テストするのにキャッシュがあると分かりにくいので、キャッシュポリシーはDisableにしておきます。
7. CloudFrontのエラーページ追加
最後にエラーページの設定をしていきます。
ここではHTTP応答コードが4xxや5xxそれぞれに表示させるエラーページを設定します。
応答コードを確認するため、EC2を停止してALBが200を返せない状態(=メンテナンスや障害状態)を作ります。
その状態でローカルPCのコマンドプロンプトでコードを確認してみます。
curl -I オプションで応答ヘッダのみを表示できます。
503が返ってきたのでCloudFrontのエラーページでは503に対して設定していきます
「レスポンスページパス」にはS3に配置したエラーページコンテンツパスを設定します。
8. 動作確認
設定が全て完了したのでWordPressが落ちている状態で「http://www.apclp.click/」へアクセスしてみます。
まとめ
無事にカスタムしたエラーページが表示できました!これでいつやらかしても大丈夫です!

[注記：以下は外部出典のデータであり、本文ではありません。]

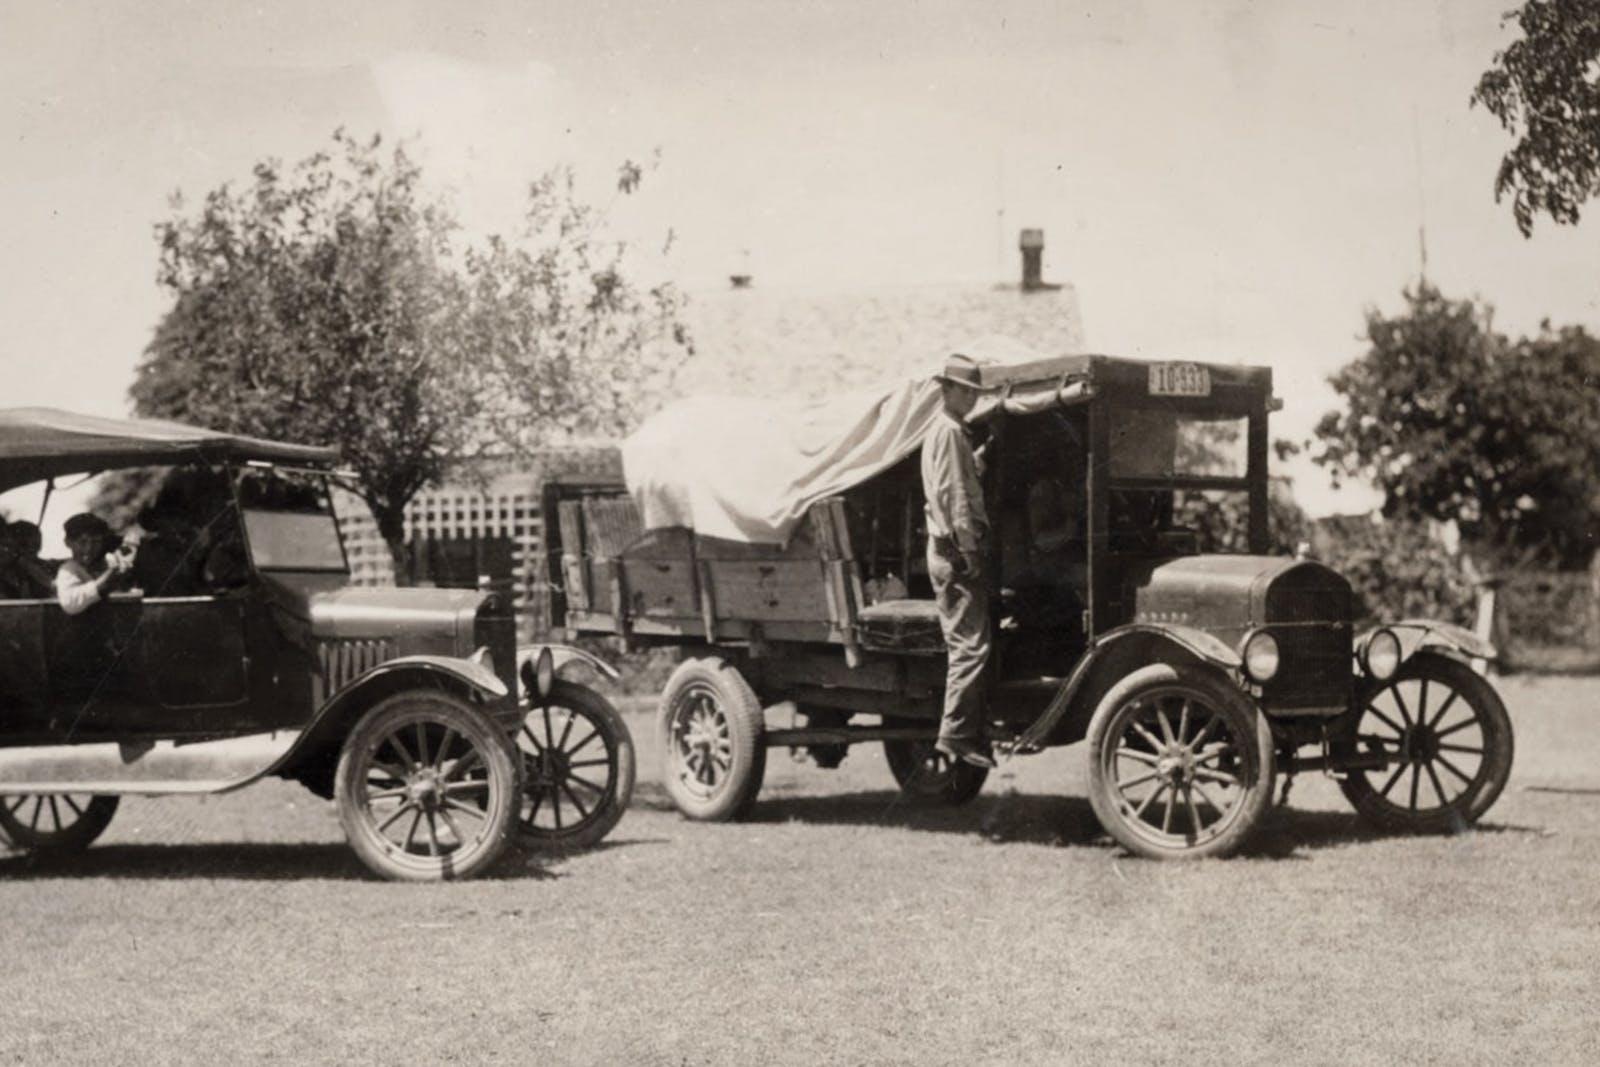 Cedar choppers in Austin in the early twentieth century.

ユーザ視点ではエラーページが表示される方がアクセスURLが間違っていないことを確認出来るので安心感があるのではないでしょうか。
今回の構成ではS3に任意のファイルを配置して公開出来るのでエラーページを作りこみたい場合にも適切な構成かと思います。
大規模なシステムではエラーページ専用のサーバを用意していることも多いですが、滅多に登場しないコンテンツはクラウド化してしまうのもメリットがありそうです。